The state may put the Juneau School District in a $2.28 million hole by disallowing an allocation of that amount from the city because it exceeds the statutory “funding cap” for education spending, according to a letter from the Alaska Department of Education and Early Development.
“A review of the district’s prior years’ financial statements confirms this is a continuing issue and must be addressed,” Lori Weed, the department’s school finance manager, wrote in the June 29 letter. While the state will not require the district to reimburse past “outside the cap” amounts, “this issue must be corrected” beginning with the current fiscal year that started July 1.
Weed, in an interview Wednesday, said the letter was sent because the state in recent years has failed federal disparity tests due to districts allocating “special revenue funds” for purposes like pupil transportation. The disparity test is a little-known rule involving areas affected by Federal Impact Aid, which for Alaska means proving there is less than a 25% funding difference between the highest- and lowest-funded districts.
“Providing additional local funding outside of the established funding cap creates inequity amongst Alaska school districts and has major repercussions on the above-mentioned certification from the U.S. Department of Education,” Weed wrote in the letter to the district.
Local school district and city officials said Wednesday they disagree with the state’s assessment, arguing numerous expenses such as student transportation and school maintenance are exempt from the cap, and similar allocations have been made by Juneau and other districts statewide for decades.

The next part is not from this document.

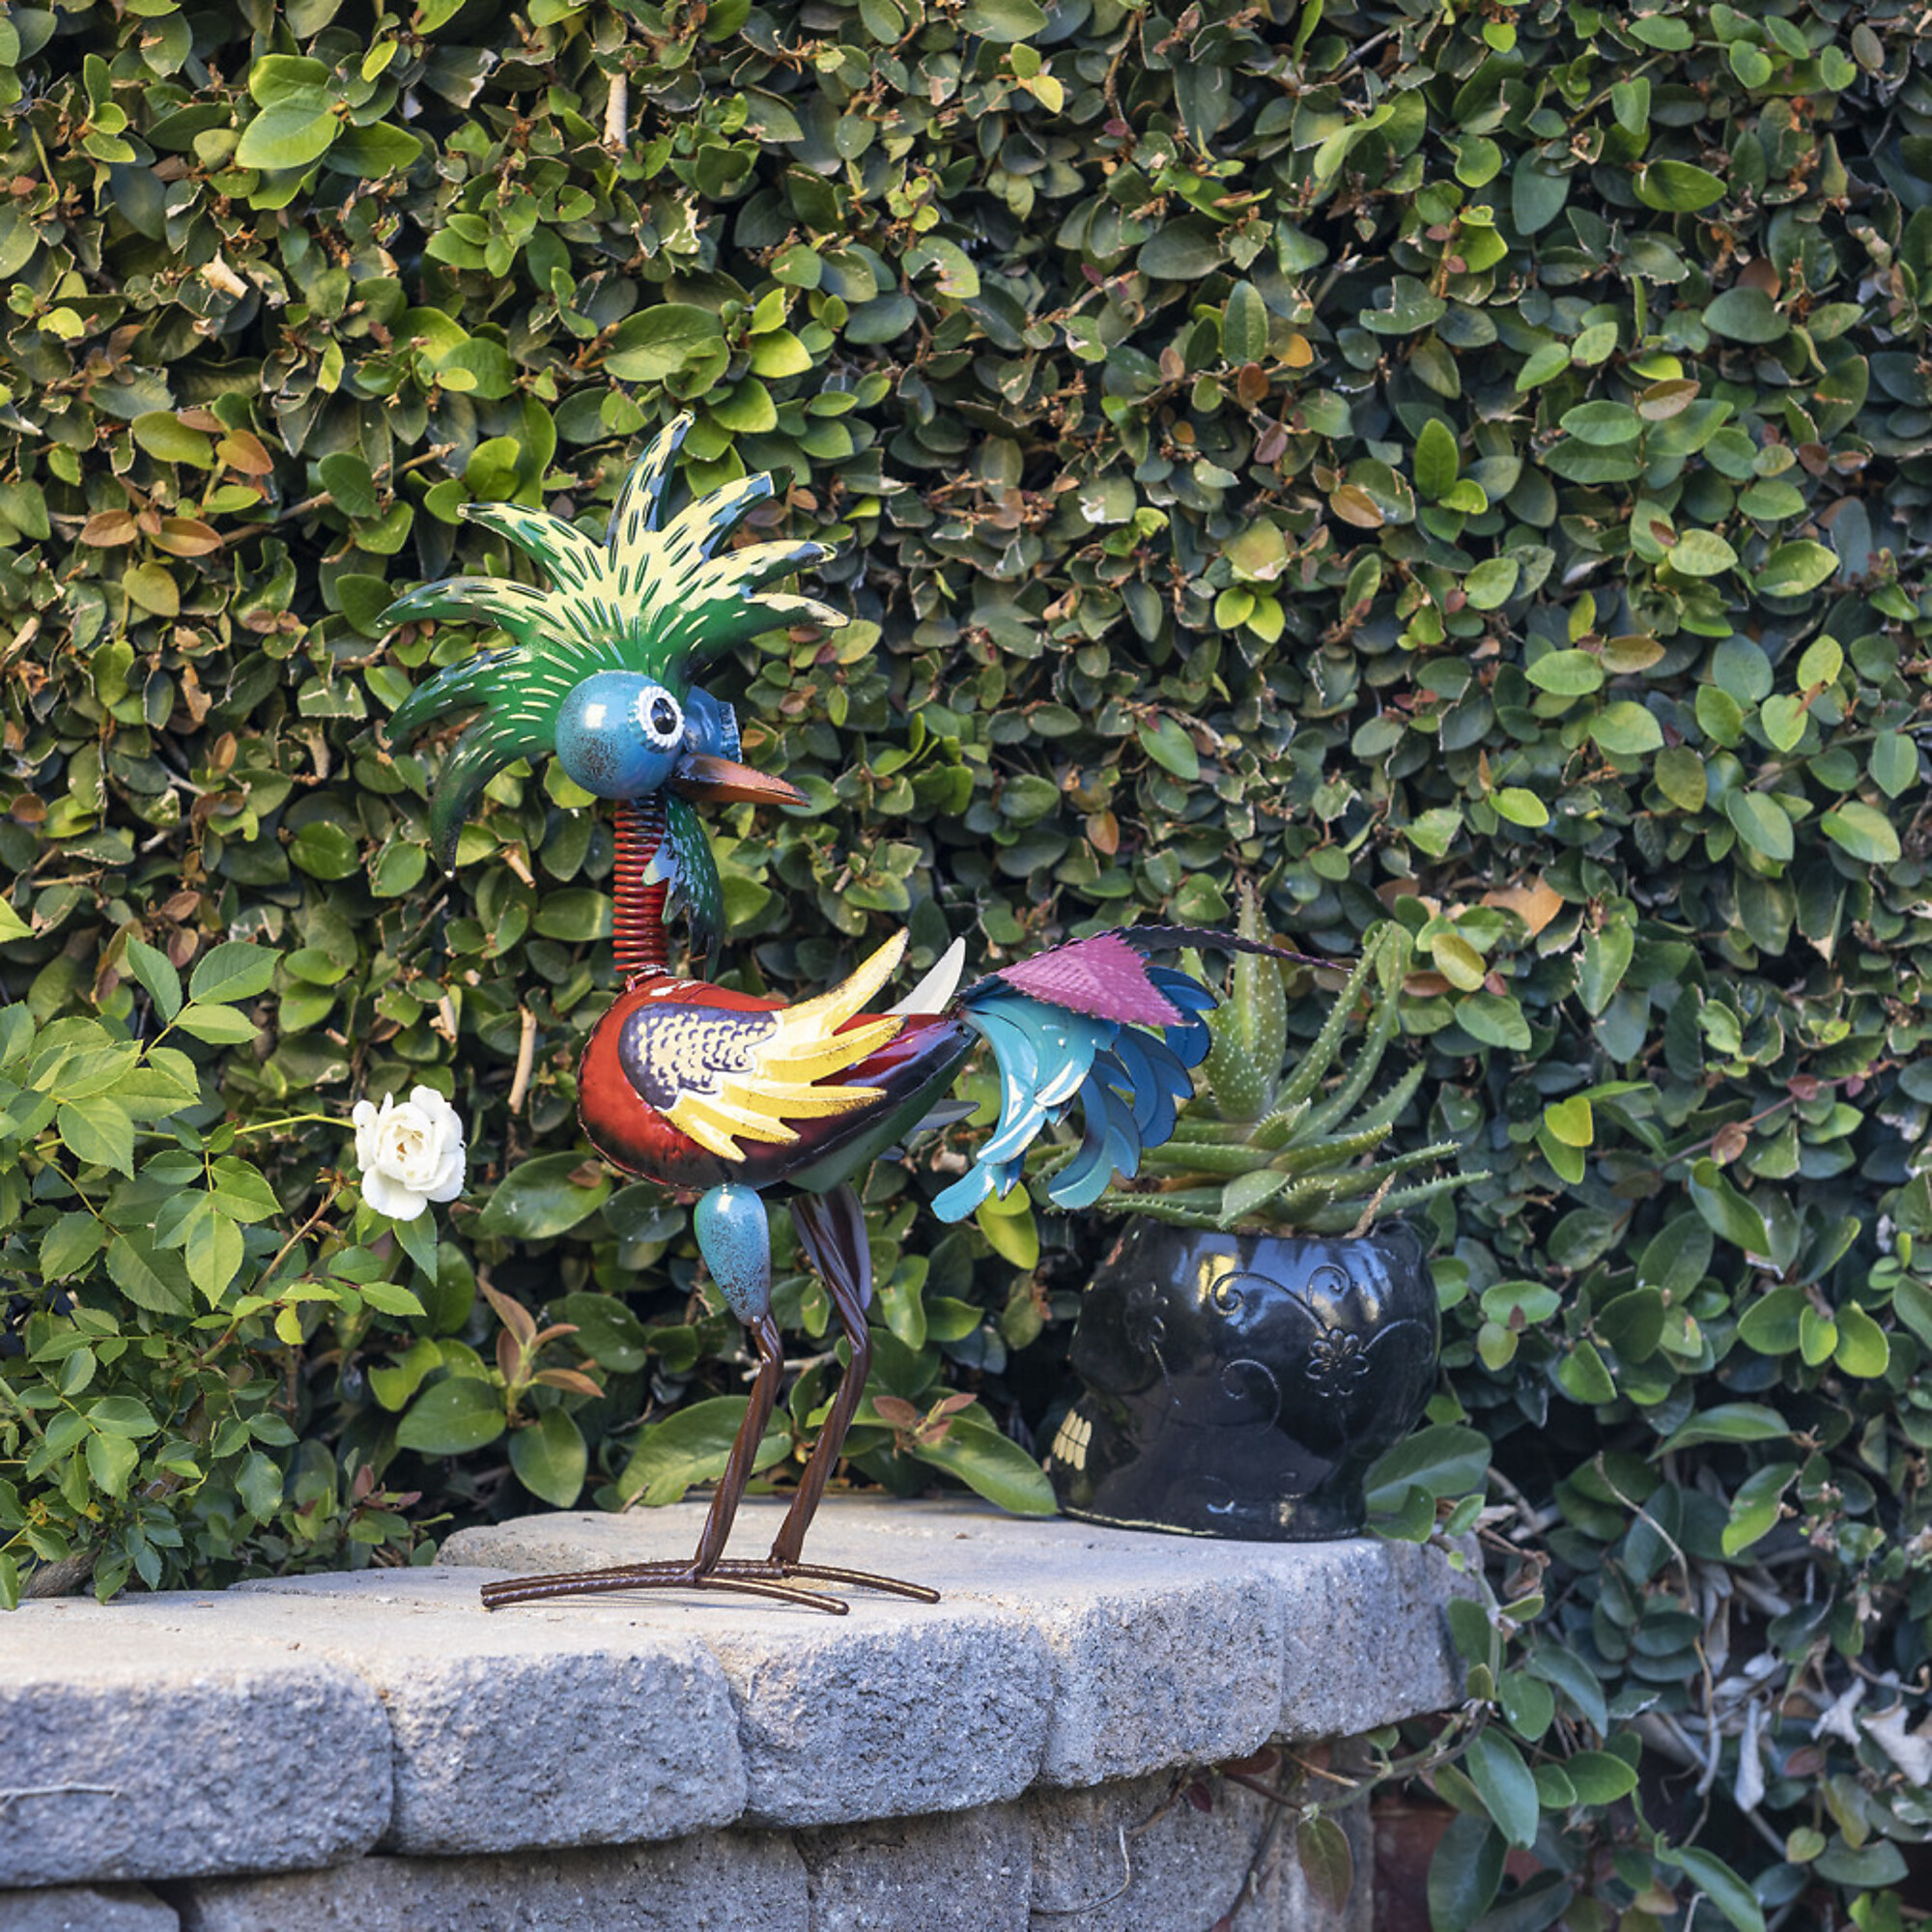 Alpine Corporation, Metal Wacky Tropical Rooster Decor with Blue Tail, Model MZP390
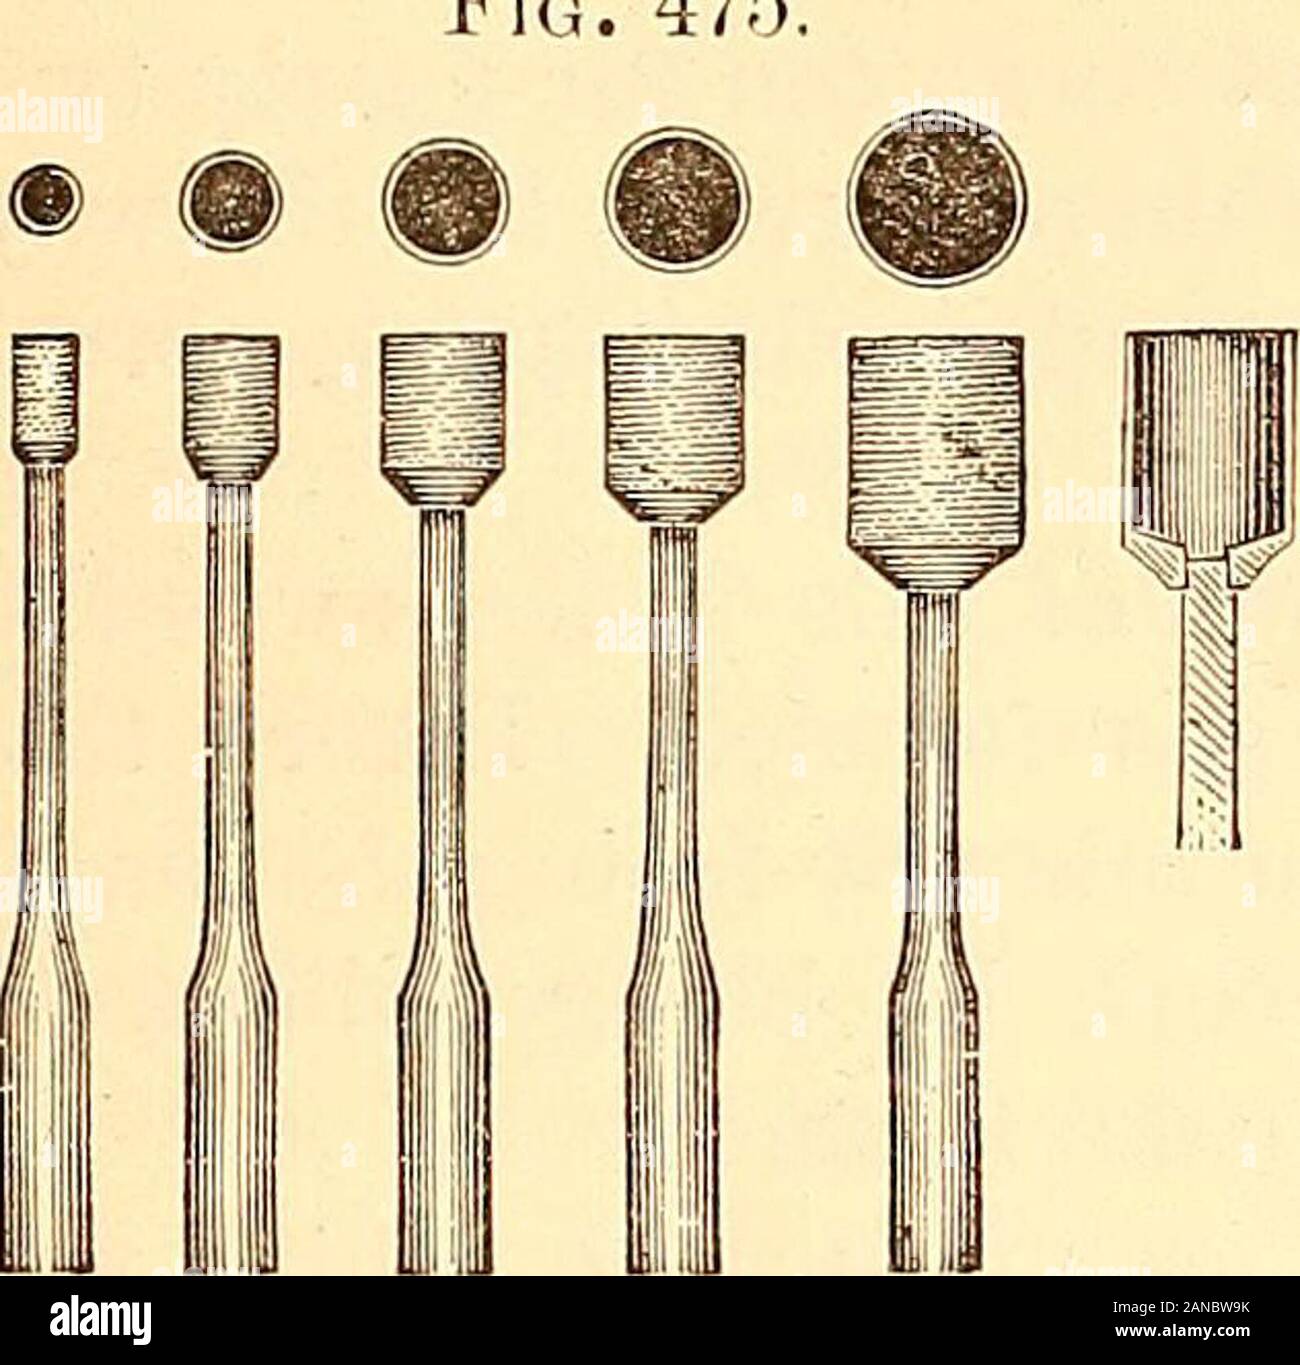 Principles and practice of operative dentistry . r. G. H. Weagant. which consistsof cutting inlays from artificial teeth or inlay rods (Fig. 474) by the aidof especially devised trephines of five different sizes (Fig. 475), made ofcopper and charged with diamond dust. These trephines are to be used in conjunction with Hows inlay burs(Fig. 476), which correspond in size to the trephines. After the decay has been removed from the cavity, a bur is selectedfrom the How set which will be large enough to include the utmost limitsof the cavity, and the final preparation of the cavity completed with i Stock Photo

“Educating kids and the district administration, those things are paid for through the formula. And they are subject to the cap,” said state Sen. Jesse Kiehl, a Juneau Democrat who has spent more than two decades as a lawmaker and staff member at the Alaska State Capitol, and seven years on the Juneau Assembly. “Pupil transportation has a different formula. And there’s no cap — it’s a different section of law — the cap doesn’t apply to it. Maintaining school buildings isn’t paid for by the formula at all. And the cap doesn’t apply to Community Schools — that isn’t paid for by the formula at all, not one penny.”
Weed said that while Juneau is the only district to receive such a letter so far, similar letters stating the department’s position on “outside the cap” funding are being prepared to send to all other districts in the state, whether they are in violation or not.
“If they want to roll forward with this it won’t just be Juneau that will want to challenge it,” Juneau Board of Education President Deedie Sorensen said Wednesday. “I’m sure that municipal governments across the state will challenge it.”
The letter to the district coincides with the school board’s recent cut of about $760,000 in spending from its budget for the current fiscal year, including cutting two staff positions, as a result of Gov. Mike Dunleavy vetoing half of an increase in education funding approved by the Legislature. The veto left the Juneau School District — and many districts across the state — with major gaps in their budgets.
[Juneau school board makes cuts to cope with vetoed funds, eyes legal challenge to state]
“This looks just like one more attack on school funding,” Sorensen said.
City Manager Rorie Watt said the potential loss of the $2.28 million to the district’s $95 million budget would cause a major disruption to the district’s already bare-boned spending plan.
“It’s such a big piece of the district’s budget and if they have to forgo this amount of funding it’s going to have impacts to their operations,” he said. “I think there is a bigger question here, which is ‘What happens in other school districts?’ I think this is the start of something big.”
Watt said if the district can’t successfully challenge the state’s position, the Juneau Assembly will have to rescind the $2.28 million in funding.
Sorenson said school board officials, who discussed the state’s letter during an executive session Tuesday evening, aren’t yet considering the impact of losing those funds.
“I’m not going to prepare for an eventuality that I think is unlikely,” she said. “The aggravation factor I think across the state is going to be huge.”
Sherri Layne, acting municipal attorney for CBJ, said the city law department is waiting to hear what direction the school board wants to take in response to the letter before any action is taken.
“I think that if it’s non-instructional funding, then DEED is incorrect — but we don’t have enough information to determine what they have a problem with yet,” Layne said. “It may very well be a situation where it ends up in court, but I think it’s way too soon to know that yet.”
The Juneau Assembly is expected to receive an update regarding the letter at its upcoming Committee of the Whole meeting Monday evening.